Each of the six URMs described here has its own unique biochemical, and therefore kinetic, basis for ultrasensitivity. To some extent, the underlying mathematics for positive cooperative binding, multimerization and multistep signalling is similar. The input signal of these three motifs would appear somehow as a power function in the mathematical terms describing the activation process, with the exponent by and large reflecting the number of available binding sites, order of homo-multimers or number of synergistic signalling steps. Molecular titration and zero-order ultrasensitivity take advantage of the dramatic kinetic changes in the molecular binding process near saturation to achieve abrupt responses. For positive feedback loops, the self-reinforcing nature of signalling amplifies the initial activation many more times to produce ultrasensitivity. Biological examples of these ultrasensitive motifs are summarized in table 1.

Table 1.

Ultrasensitive regulations in molecular signalling networks. n_H, Hill coefficient; n.a., not available.
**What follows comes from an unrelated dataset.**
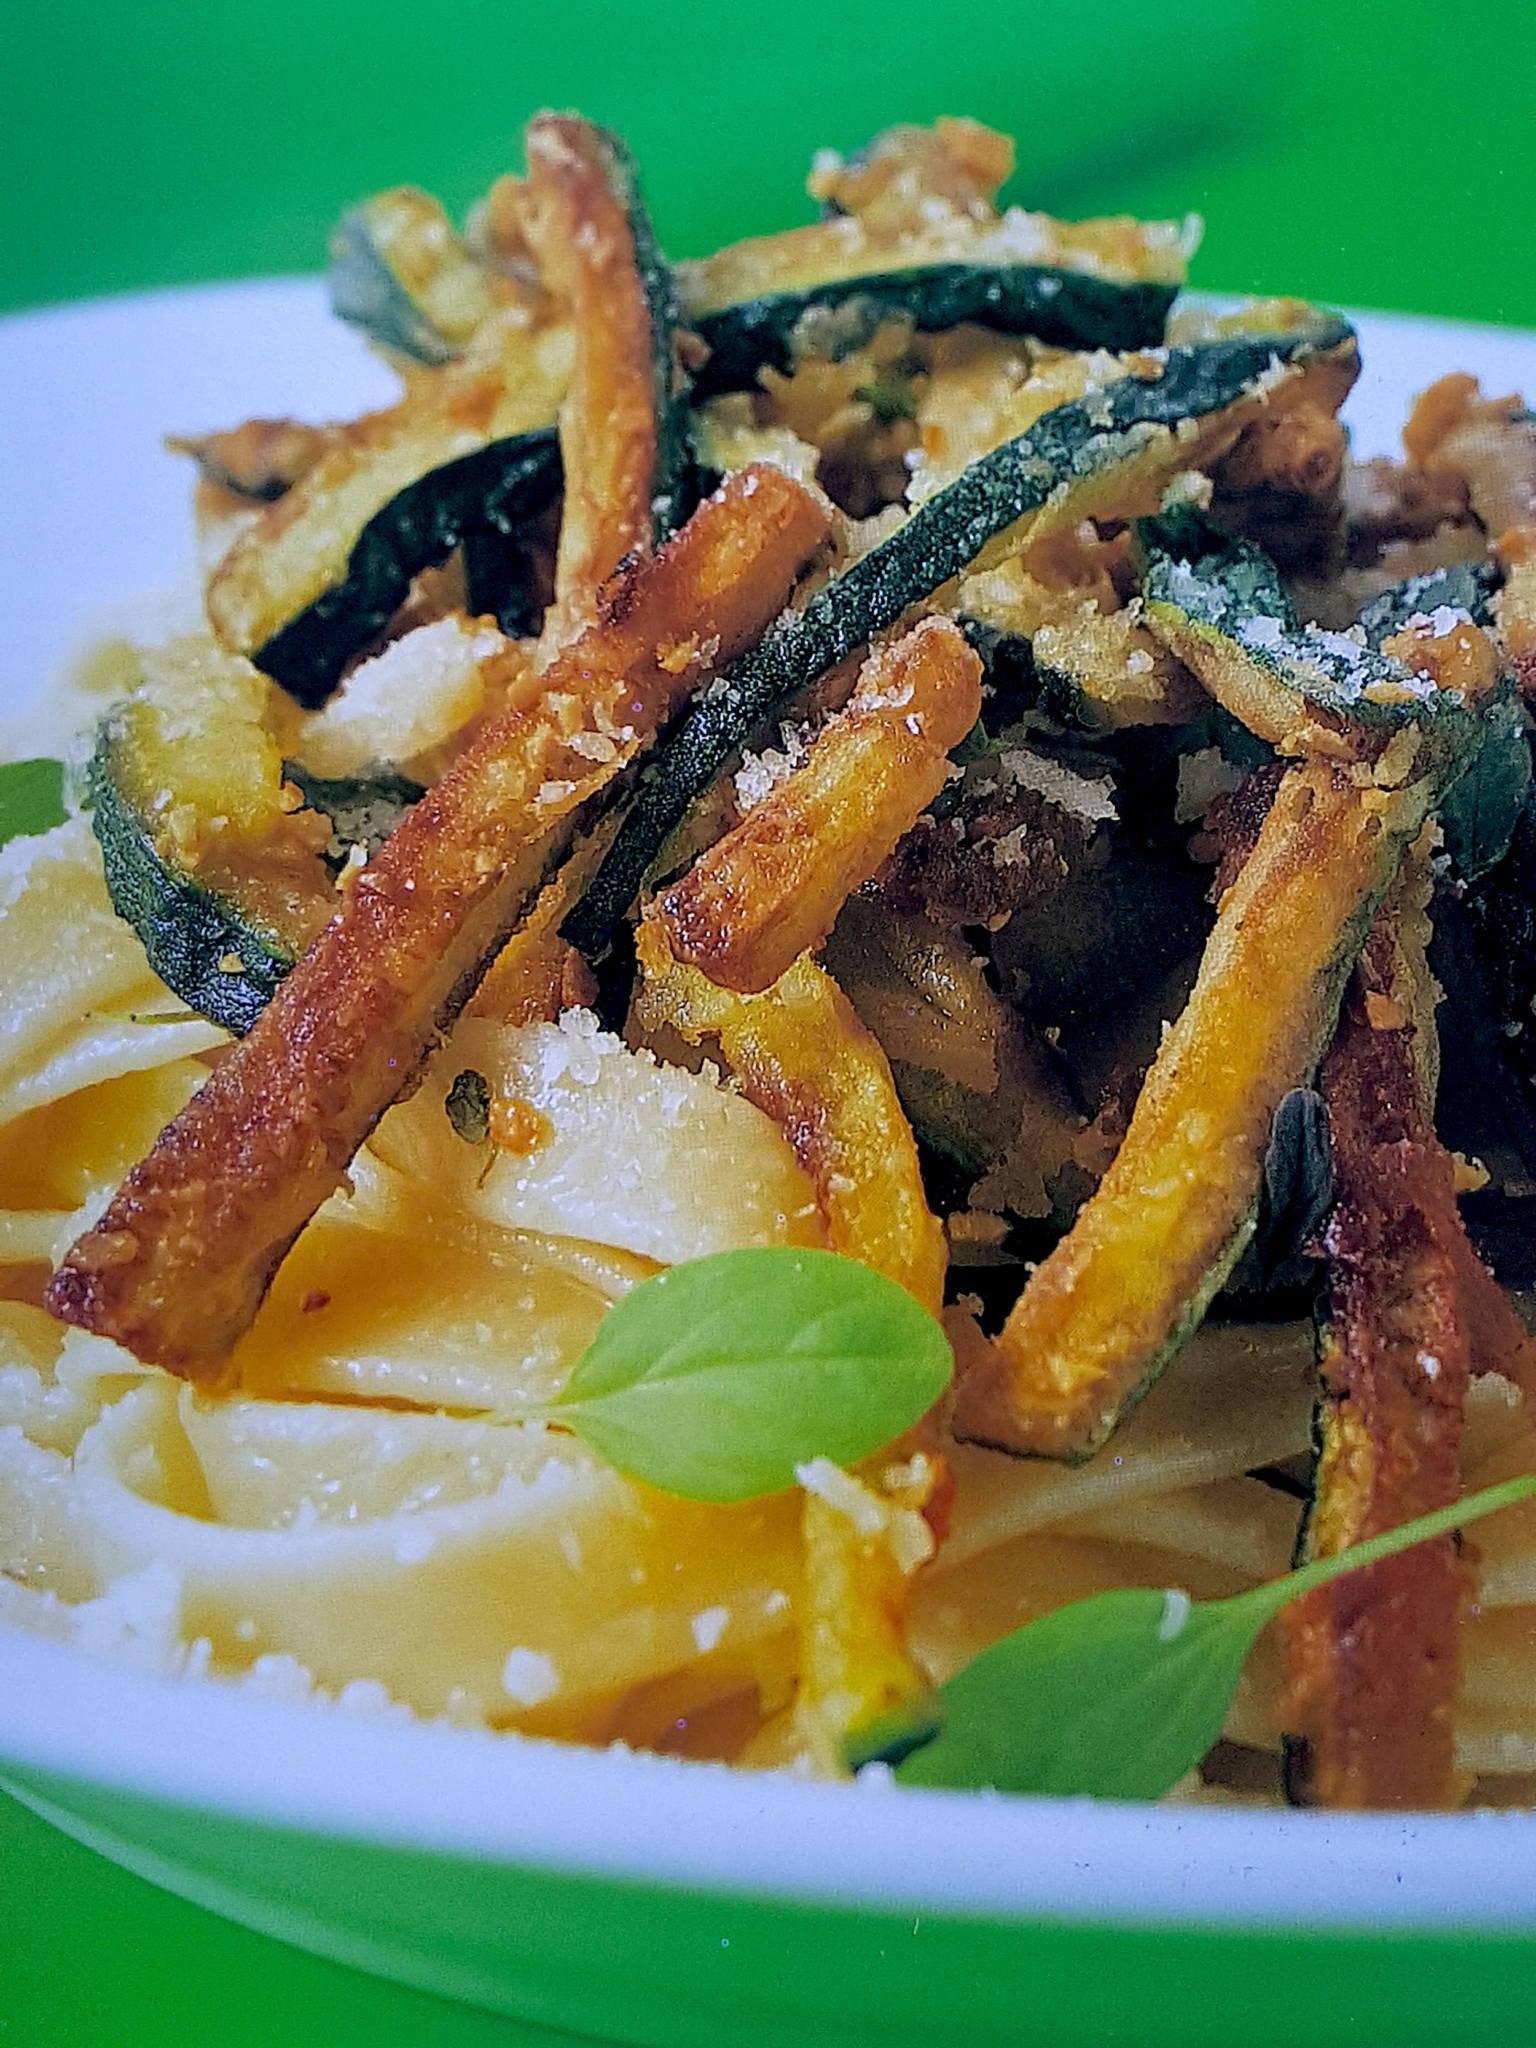 Fettuccine with Zucchini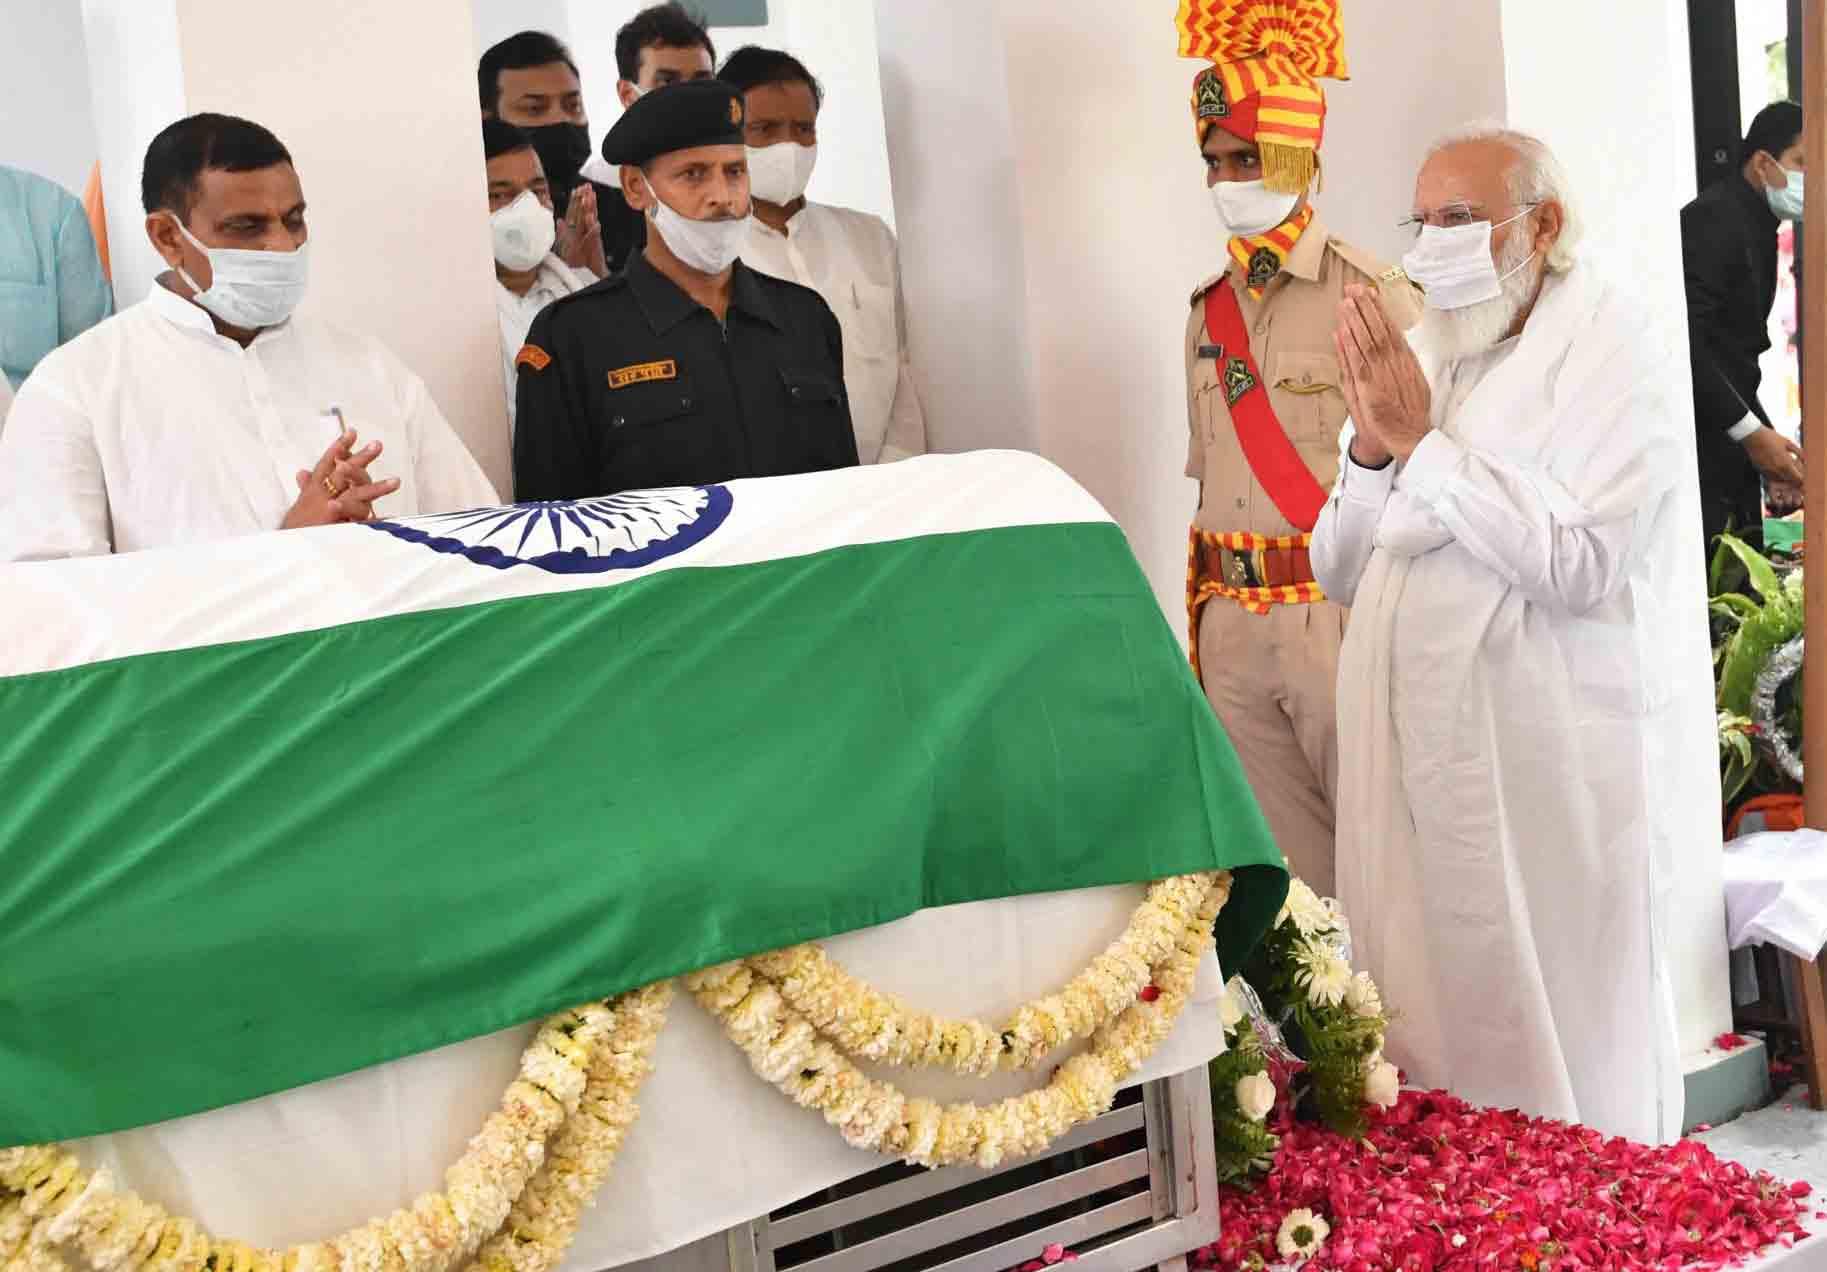 Kalyan Singh Ji…A Leader Who Always Worked For Jan Kalyan And People Will Always Admire Him Across India: PM Modi

ultrasensitive regulation	nH	motif type	reference
signal transduction
activation of PKA by cAMP	1.4–1.62	(+) cooperative binding	[29,30]
Ca2+ binding to calmodulin	1.22–1.33	(+) cooperative binding	[33,34]
Ca2+ binding to cPLA2	1.7	(+) cooperative binding	[32]
Ca2+ binding to calretinin	3.7	(+) cooperative binding	[31]
activation of PDGFR by PDGF	1.55	homo-dimerization	[46]
activation of Mek-1 by Mos	1.7	multistep signalling zero-order ultrasensitivity	[71]
activation of p42 by Mos	4.9	multistep signalling zero-order ultrasensitivity	[71]
dissociation of Fus3 from ste5 stimulated by α-factor	6	multisite phosphorylation zero-order ultrasensitivity	[148]
activation of CaMKI by Ca2+/calmodulin	n.a.	multistep signalling	[86]
activation of CaMKII by Ca2+	4.4–8.9	(+) cooperative binding multistep signalling zero-order ultrasensitivity auto-phosphorylation	[149]
activation of Pins by Gαi	3.1	molecular titration	[117]
regulation of transcription factors
activation of ER by oestradiol	1.1–1.58	homo-dimerization	[52]
activation of PR by progesterone	1.11–1.49	homo-dimerization	[51]
dephosphorylation of NFAT1 by calcineurin	n.a.	multistep signalling (multisite dephosphorylation)	[78]
activation of HIF-1 by low O2	n.a.	multistep signalling molecular titration	[95,150]
activation of Nrf2 by ROS	n.a.	multistep signalling gene auto-regulation	[60]
phosphorylation and degradation of Yan by Erk	n.a.	zero-order ultrasensitivity	[134]
transcriptional and translational regulation
bicoid promoter binding and induction of Hunchback	5	(+) cooperative binding	[42,43]
HSF promoter binding and induction of heat shock proteins	n.a.	(+) cooperative binding	[38,45]
gene induction by CEBPα in the presence of stoichiometric protein inhibitor	1–11.8	molecular titration	[111]
gene induction by tet activators in the presence of decoy DNA binding sites	n.a.	molecular titration	[114]
binding of TATA-binding protein to target sequence in the presence of depleting hairpin DNAs	4.3	molecular titration	[115]
nucleosome modification and recruitment of histone-modifying enzymes	n.a.	positive feedback	[146]
translation of target mRNA in the presence of inhibitory microRNA	n.a.	molecular titration	[127]
regulation of metabolic enzymes and flux
adenylylation of glutamine synthetase activated by glutamine	5.23	homo-trimerization multistep signalling	[66]
activation of AMPK by AMP	2.5	multistep signalling zero-order ultrasensitivity	[90]
dephosphorylation of isocitrate dehydrogenase by 3-phosphoglycerate	2	multistep signalling zero-order ultrasensitivity	[131]
phosphorylation of phosphorylase	2.35	zero-order ultrasensitivity	[132,133]
conversion between NAD and NADH by FDH and LDH	n.a.	zero-order ultrasensitivity	[135]
metabolism of isocitrate by lyase in the presence of dehydrogenase	n.a.	molecular titration	[119]
cell cycle control
degradation of Sic1 owing to phosphorylation by Cln-Cdc28	n.a.	multistep signalling (multisite phosphorylation)	[73]
phosphorylation of Cdc25c by Cdk1	2.3	multistep signalling (multisite phosphorylation)	[80]
phosphorylation of Wee1 by Cdk1	3.5	molecular titration (multisite phosphorylation)	[116]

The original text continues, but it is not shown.